Killings and hostage-takings from the Middle East to Nigeria and elsewhere must stop, he said in his annual Christmas “urbi et orbi” (to the city and the world) message.
Denouncing conflicts in Ukraine and Libya, and noting last week’s deadly attack against a school in Pakistan, the pontiff also lamented the thousands of victims of the Ebola epidemic in West Africa.
“Truly there are so many tears this Christmas,” he said.
Delivering his second Christmas blessing, the popular Argentine pontiff, visibly moved and departing from his text, noted “the children massacred by bombardments, including where the son of God was born” and their “powerless silence that cries under the sword.”
Denouncing “indifference”, he explicitly condemned abortion, deploring the children “killed before seeing the light”.
“May Jesus save the vast numbers of children who are victims of violence, made objects of trade and trafficking, or forced to become soldiers.”
“May he give comfort to the families of the children killed in Pakistan last week” referring to the 149 people, including 133 school-children, killed in Peshawar by the Taliban.
Speaking to a large crowd massed outside Saint Peter’s Basilica, the pope urged Ukrainians to “overcome tensions, conquer hatred and violence and set out on a new journey of fraternity and reconciliation”.
He turned too to the violence wrought by Islamic State fundamentalists this year in Syria and Iraq.
“I ask him, the saviour of the world, to look upon our brothers and sisters in Iraq and Syria, who for too long now have suffered the effects of ongoing conflict, and who, together with those belonging to other ethnic and religious groups, are suffering a brutal persecution.”
There were “too many displaced persons, exiles and refugees, adults and elderly, from this region and the whole world,” he said.
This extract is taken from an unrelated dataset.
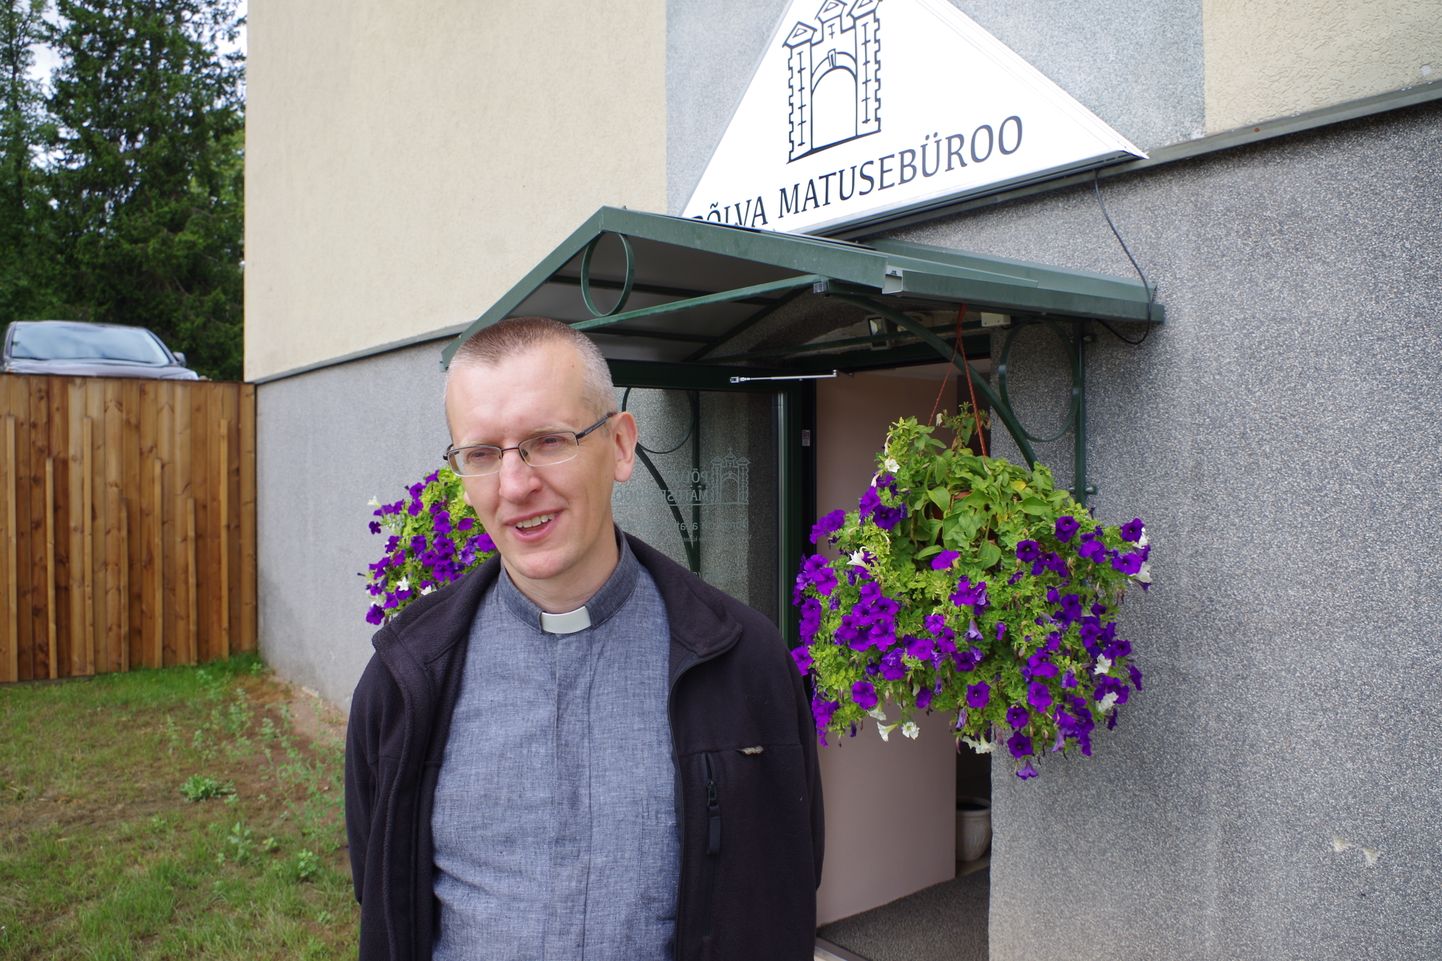 Põlva pastoraadi hoones avatud Põlva matusebüroo on Toomas Nigola sõnul endise Leevi Lillemäe büroo õigusjärglane.

He called for peace in “the whole Middle East” and continued efforts towards “dialogue” between Israelis and Palestinians.
The pope too urged peace in Nigeria “where more blood is being shed”, as well as in Libya, South Sudan, the Central African Republic and the Democratic Republic of the Congo.
He noted the victims of Ebola in Liberia, Sierra Leone and Guinea and thanked those who were “courageously” assisting the sick.